Powers and Functions:
- Tiger Conservation Plan: Approve state government-prepared tiger conservation plans.
- Ecology Preservation: Ensure the sustainable use of land within tiger reserves, preventing detrimental ecological impacts.
- Tourism Regulation: Develop rules for tourism in tiger reserves and ensure compliance with them.
- Human-Wildlife Conflict: Implement measures to address conflicts between humans and animals, focusing on coexistence outside protected areas.
- Public Information: Release updates on tiger population, habitat conditions, and conservation efforts. NTCA reports on the status of tigers in India.
- Research and Monitoring: Approve, coordinate, and monitor tiger research activities.
- Support for Tiger Reserves: Facilitate management of tiger reserves in states and provide essential scientific, IT, and legal support.
- Capacity Building: Organize training programs for officers and staff to enhance conservation efforts.
Project Tiger:
Launch and Purpose
- Project Tiger was initiated in 1973 as a centrally sponsored scheme by the Government of India, aimed at conserving the Bengal tiger and its habitat.

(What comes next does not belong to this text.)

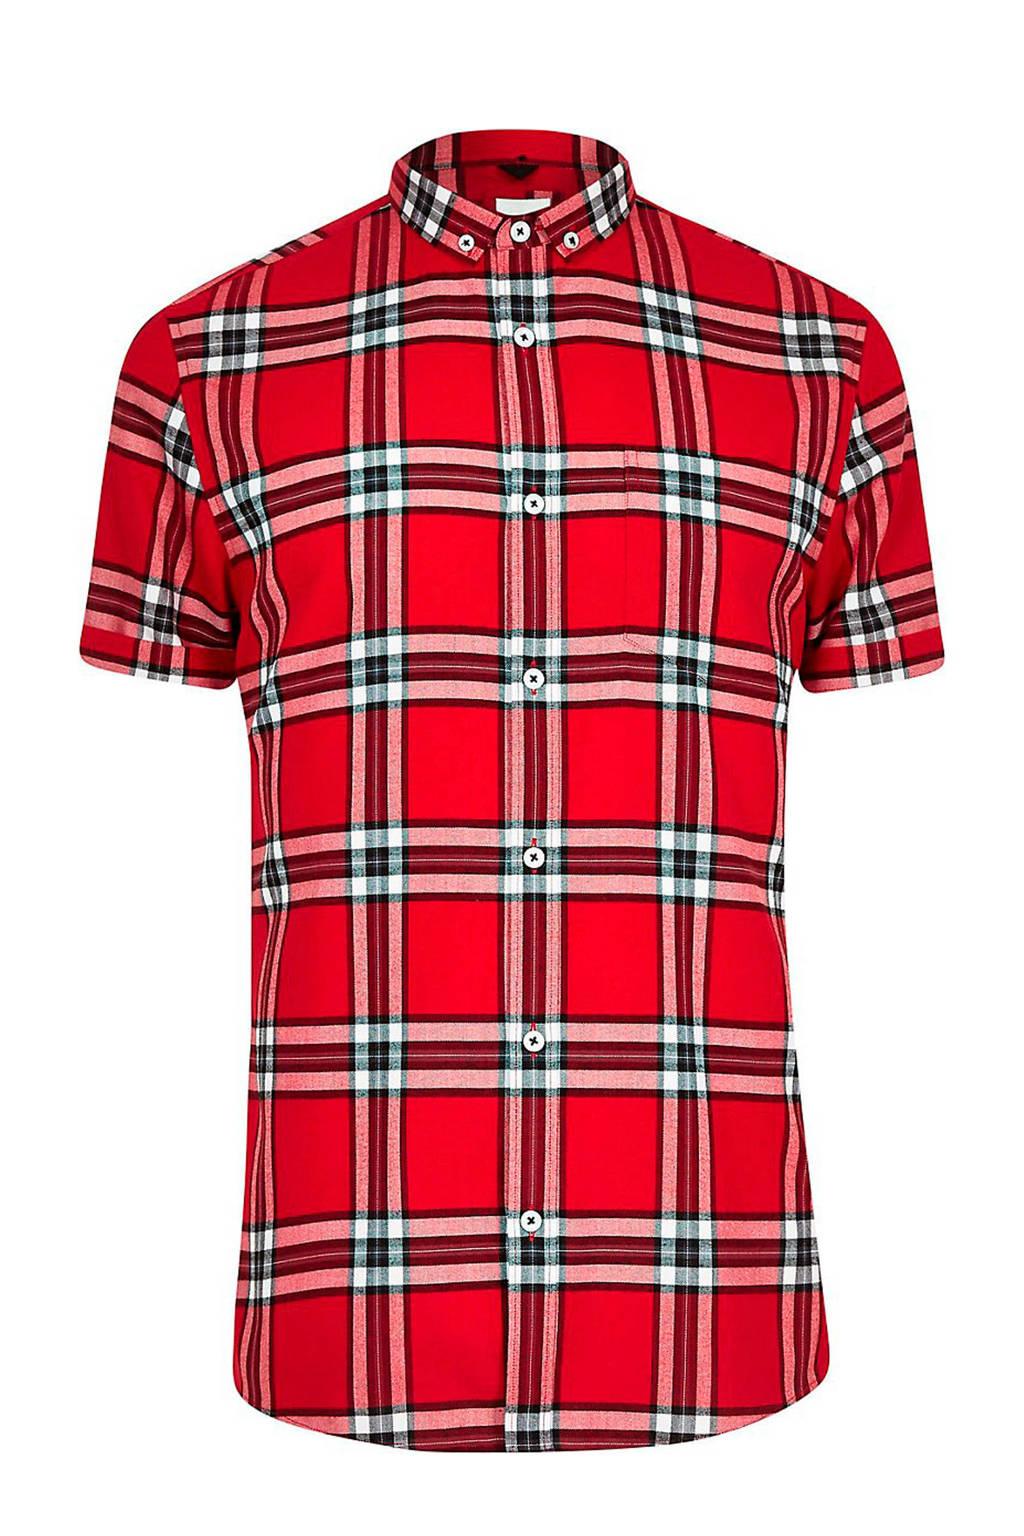 Overhemd Rood Zwart.River Island Overhemd Ruitdessin Rood Wehkamp

- It was the first project in India dedicated to protecting the tiger population from poaching and other threats.
Goals
- Maintain a viable population of Bengal tigers in their natural habitat.
- Protect the species from extinction.
- Preserve biologically significant areas as natural heritage representing diverse ecosystems.
Tiger Reserves
- Tiger reserves were established under Project Tiger in 1973, initially covering nine reserves over 18,278 sq. km.
- Today, the project includes 54 tiger reserves spanning approximately 75,000 sq. km across India.
Agni-4 Missile
Why in News: India recently successfully test-fired the Agni-4 ballistic missile.
About Agni-4 Missile:
Type and Launch
- The Agni-4 is an intermediate-range ballistic missile.
- It was launched from the Integrated Test Range in Chandipur, Odisha.
- The test successfully confirmed all operational and technical parameters and was conducted under the Strategic Forces Command, part of India’s Nuclear Command Authority (NCA).
Features
- Range: Capable of reaching up to 4,000 kilometers.
- Size and Payload: The missile is 20 meters long, can carry a payload of 1,000 kg, and is fired from a road-mobile launcher.
- Type: It is a surface-to-surface missile with a mobile, two-stage solid-fuel system.
- Development: Designed and developed by the Defence Research and Development Organisation (DRDO).
Key Facts about Strategic Forces Command (SFC):
Role and Responsibilities
- Also known as the Strategic Nuclear Command, the SFC is part of India’s Nuclear Command Authority (NCA), responsible for command-and-control decisions regarding India’s nuclear weapons program.
- Manages and administers India’s tactical and strategic nuclear weapons stockpile.
Establishment
- The SFC was established on January 4, 2003.